BEGIN Stored data

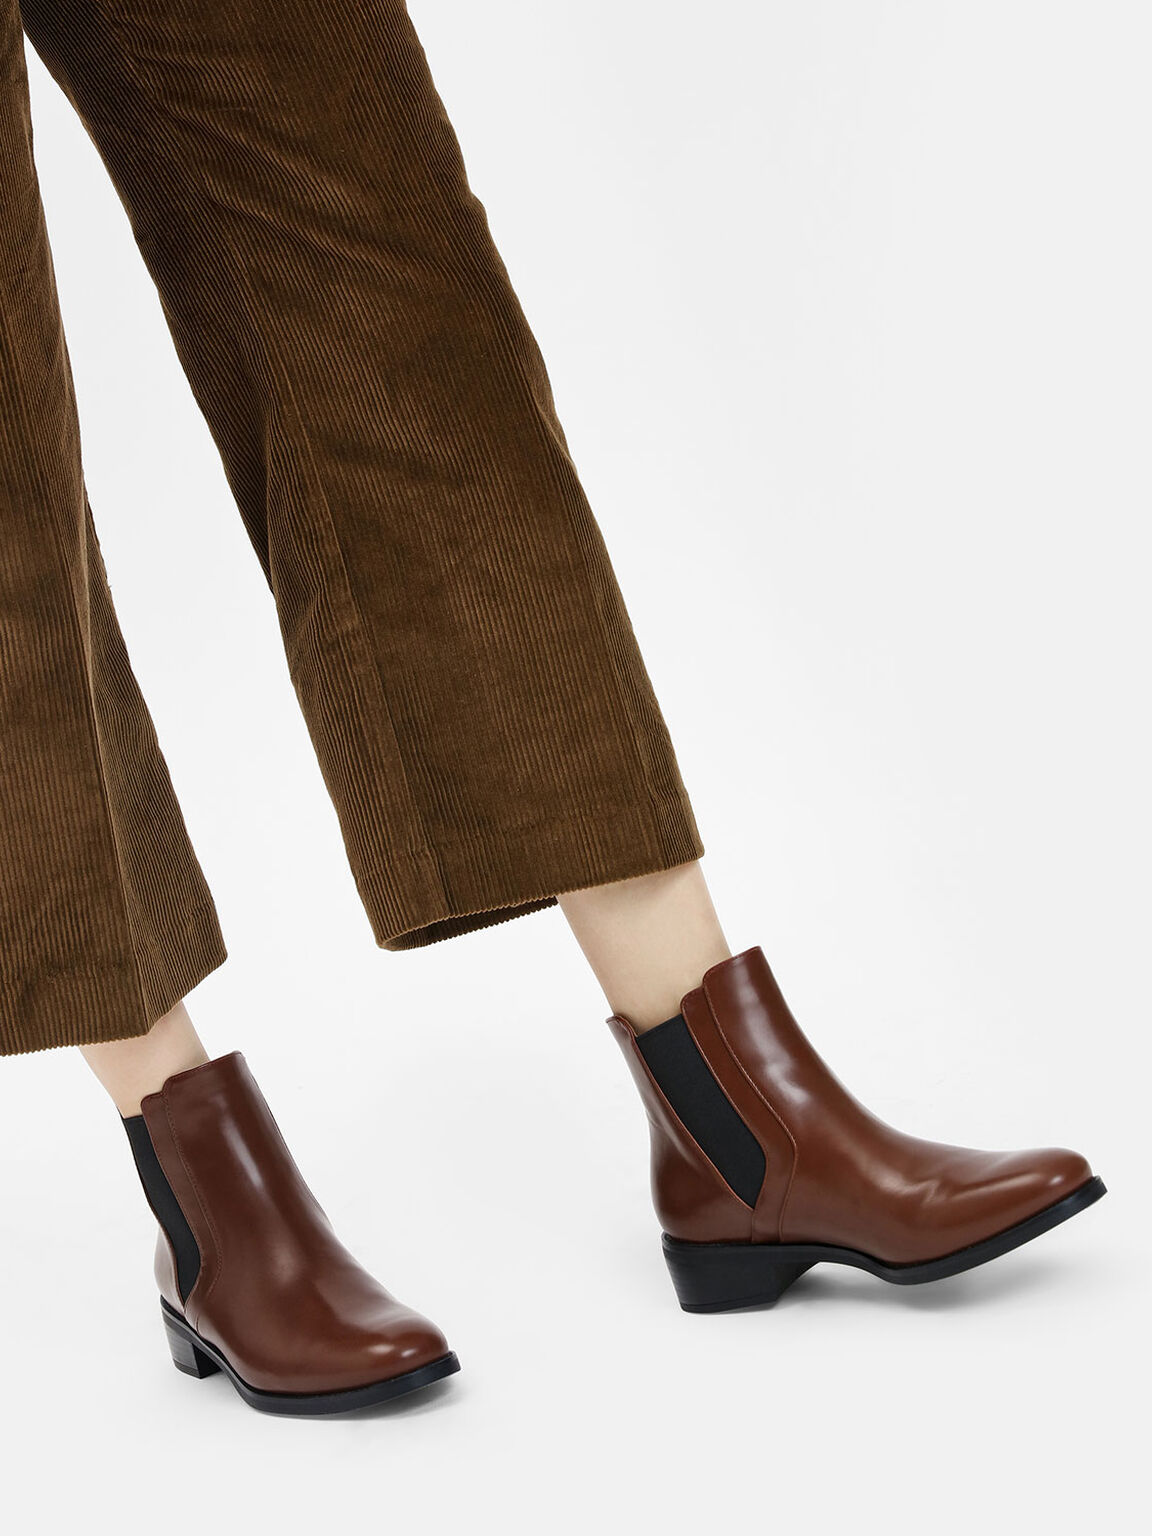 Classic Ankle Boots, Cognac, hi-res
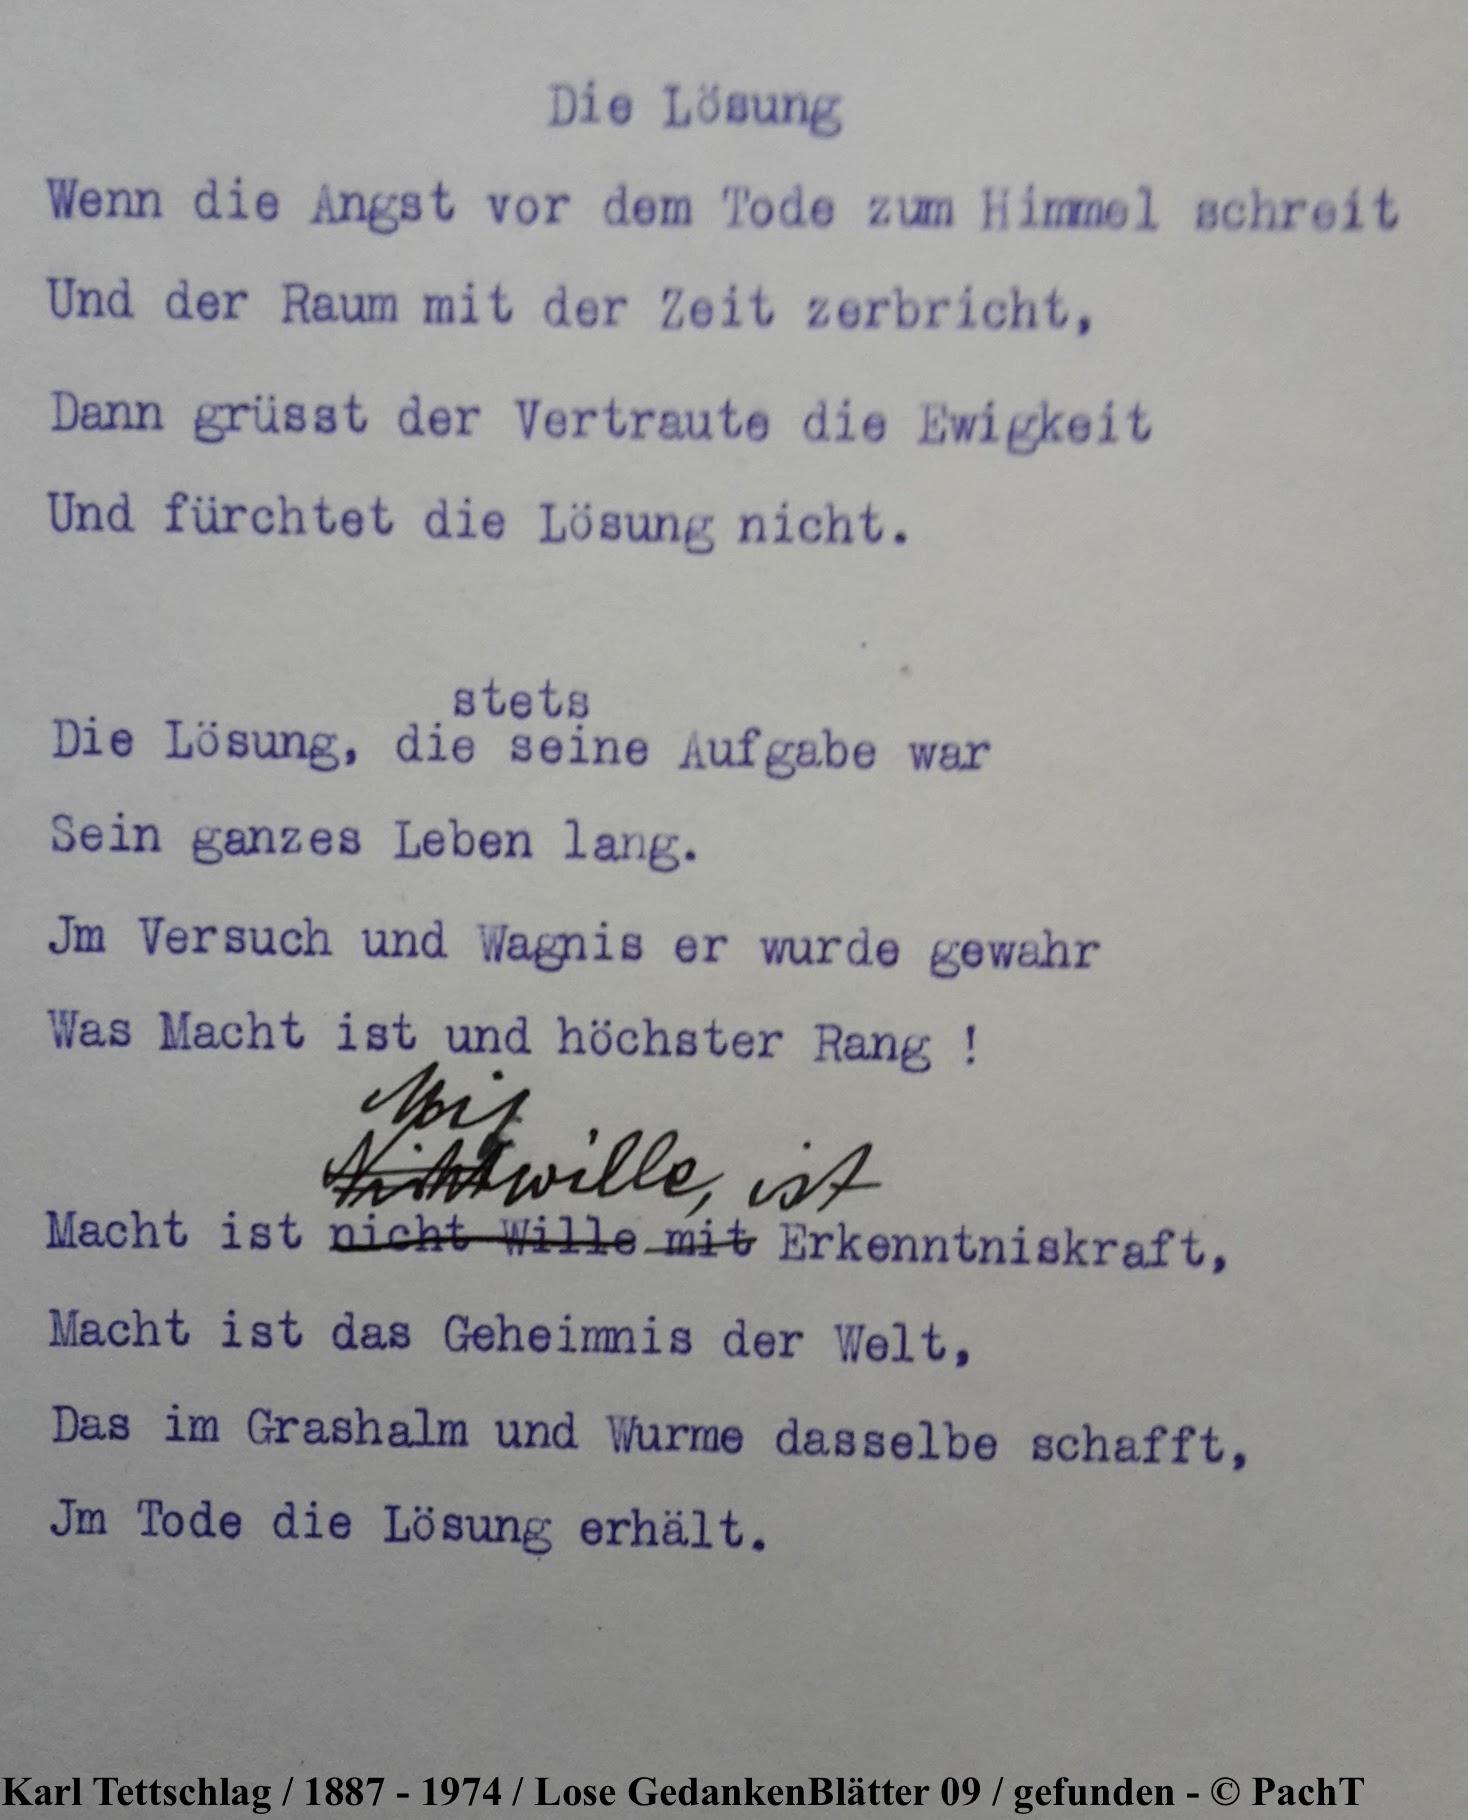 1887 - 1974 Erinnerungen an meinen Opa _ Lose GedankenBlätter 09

END Stored data
BEGIN Stored data

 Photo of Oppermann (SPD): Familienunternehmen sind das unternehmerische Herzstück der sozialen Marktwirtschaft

END Stored data

To do
Starting at the line above that has "Classic Ankle Boots, Cognac, hi-res" and ending at the line that has "1887 - 1974", copy each line exactly, leaving the pictures out and adding nothing.

Answer to the exercise
 Classic Ankle Boots, Cognac, hi-res
 1887 - 1974 Erinnerungen an meinen Opa _ Lose GedankenBlätter 09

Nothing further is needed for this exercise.